About That River In Egypt - Fil Zucchi -9:59 AM

Credit default swaps on many financial names have shrunk significantly over the last couple of weeks, as the notion that we are in an unassailable state of permanent prosperity percolates the airwaves. We could argue ad nauseam whether the collapse in CDS spreads was the cause for the equity ramp, or whether the equity ramp caused bearish speculators to abandon their speculative bets against CDS', but I'd rather not. The fact is that the two are moving in lockstep.

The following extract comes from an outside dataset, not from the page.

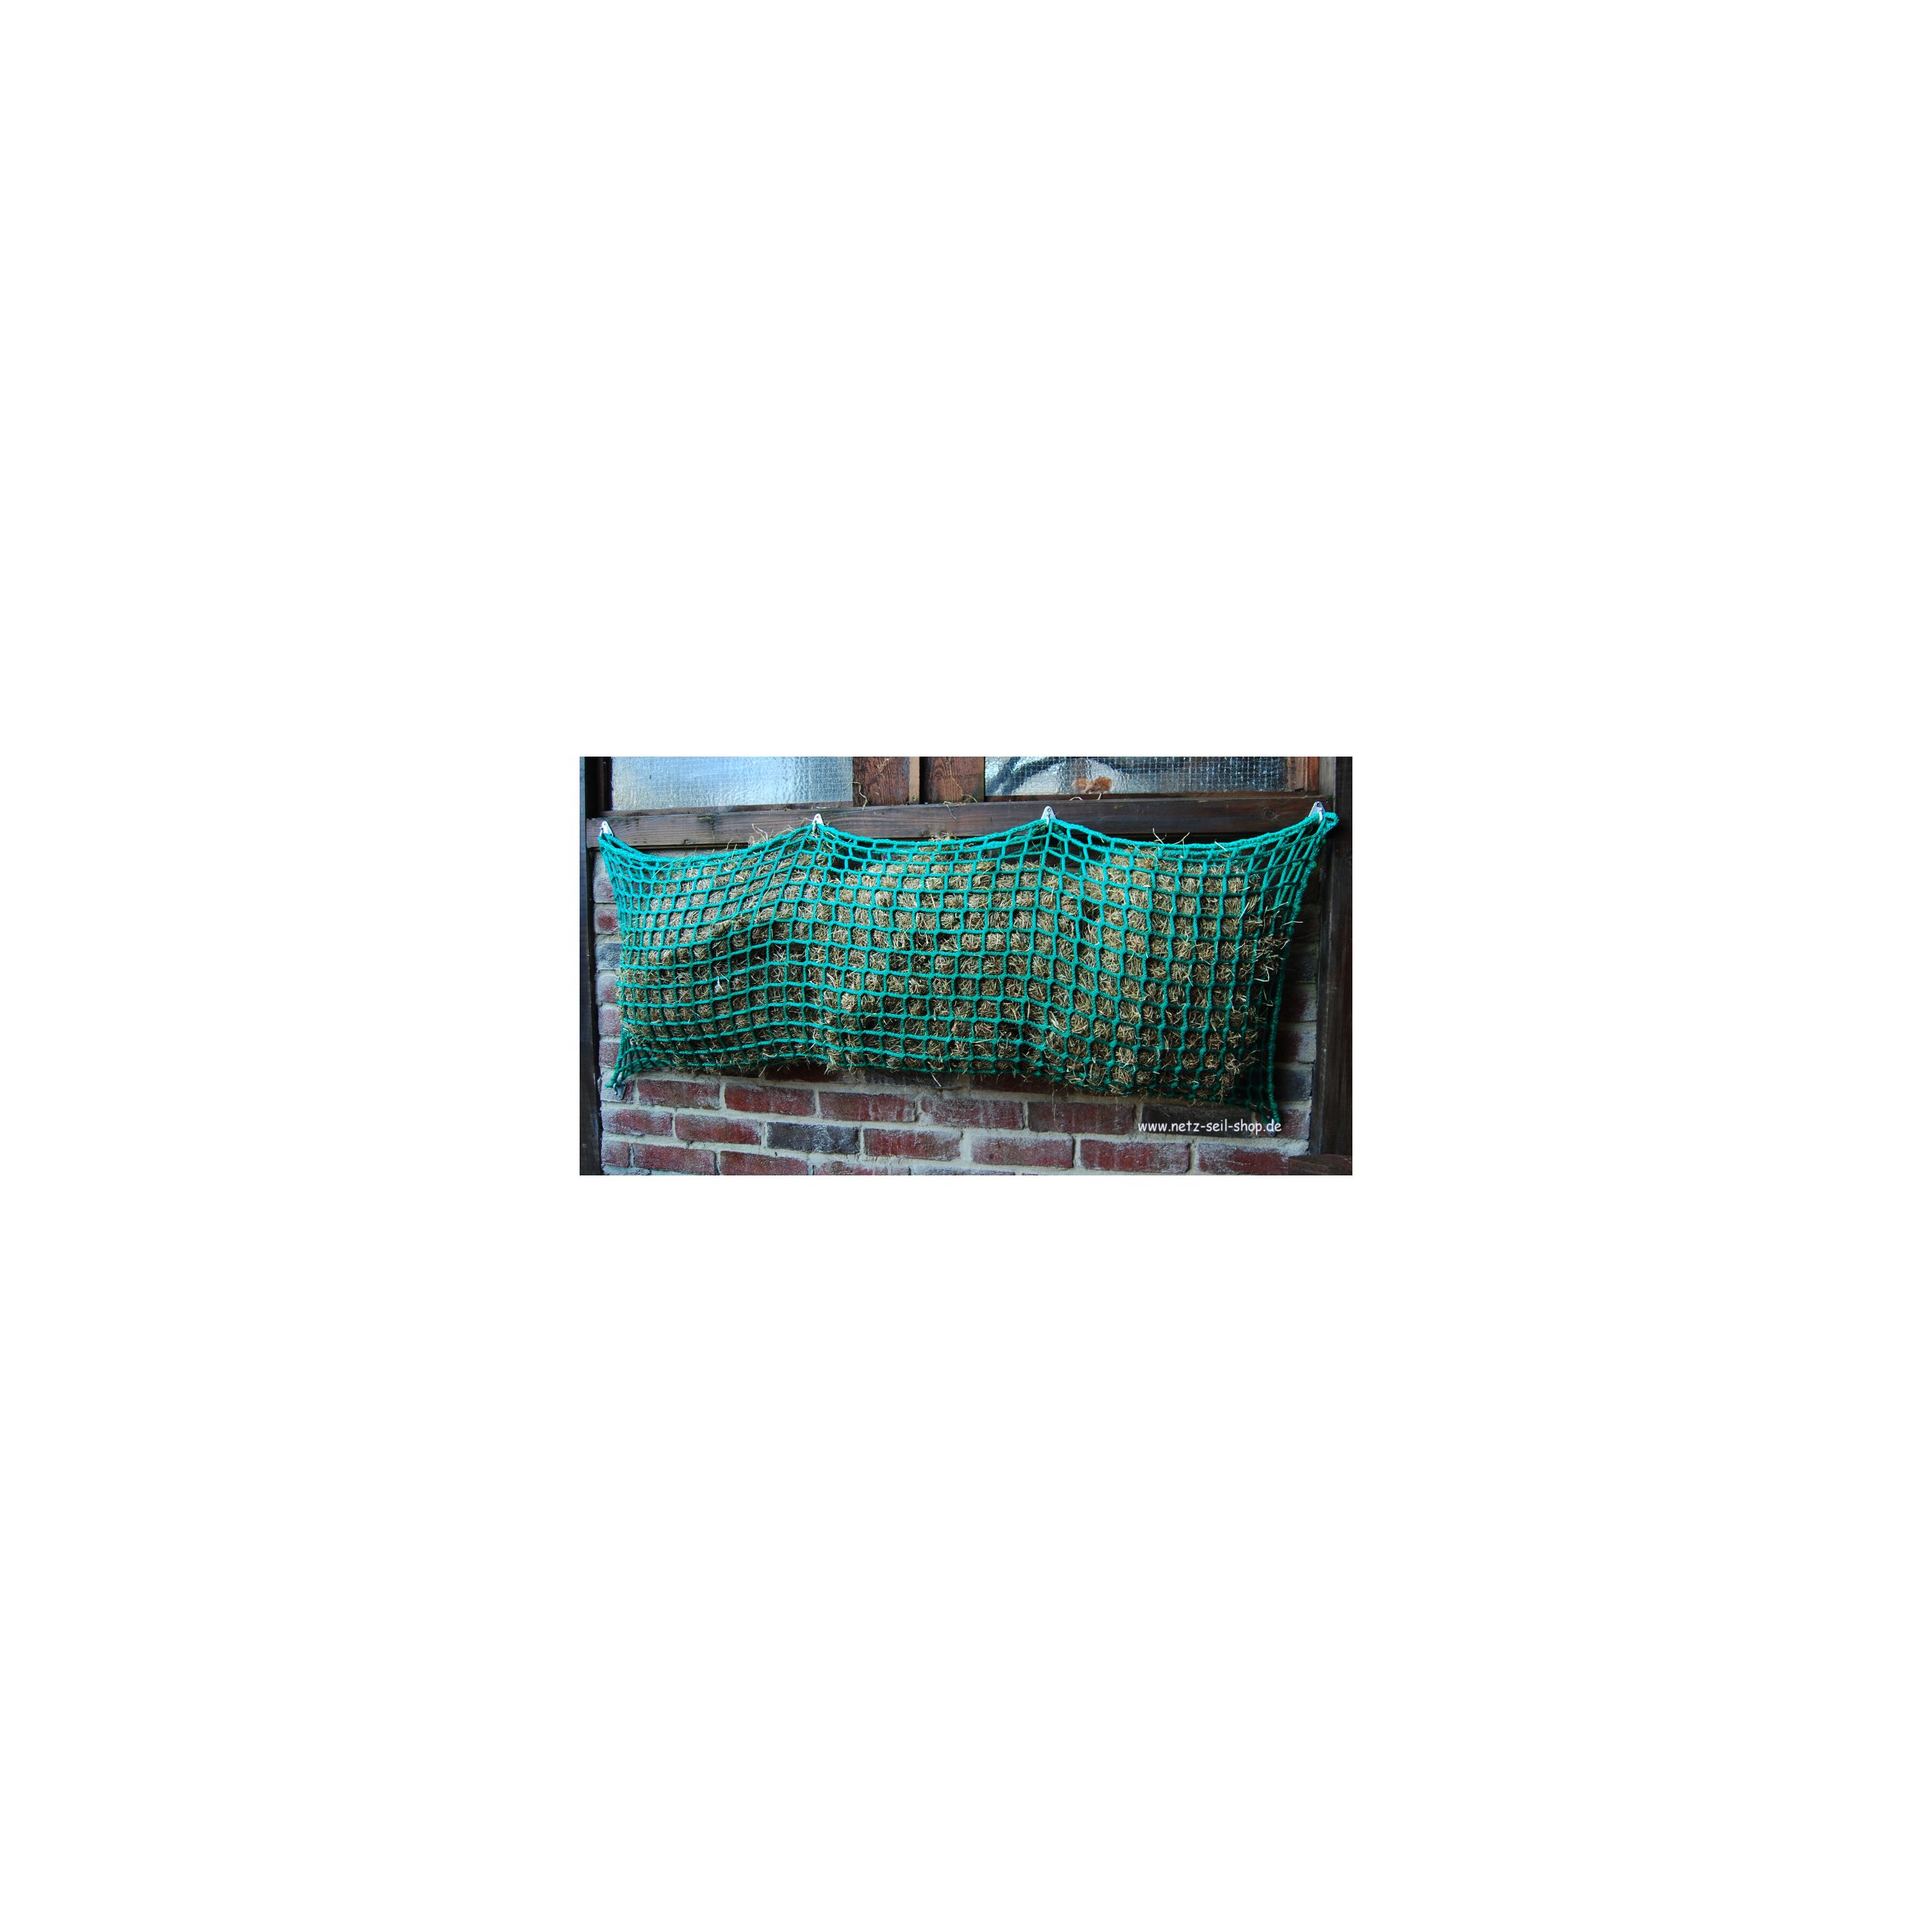 Hooi net in zakvorm, 1,20 m breed, hoogte 0,80 m Ø 5 mm garen dikte, # 60 mm maas

That brings me to the homies, many of which have, or imminently will be reporting their quarterly losses. While the group is now considered irrelevant and its impact on the economy completely discounted, it is worth noting that the CDS of many homebuilders have recently blown out not only in terms of "percentage change," but also in terms of absolute spreads. Here are some samples:

As a point of reference, the CDS' of companies widely regarded as being directly exposed to further consumer/housing credit problems – Capital One Financial (COF) and WaMu (WM) for example – only reached spreads of 40-65 bps, at the peak of the recent sub-prime fears. (This meant that to insure the bonds, the CDS' sellers were demanding 0.4-0.65% of the face value of the bond per year.) With homies' spreads now in the 200 to 300 bps, the relative stability of the equities seems... odd?

On a related note, this Bloomberg piece reports something that I've been hearing through the legal grapevine for some time, which is that large law firms are once again beginning to bulk up their insolvency/reorganization groups.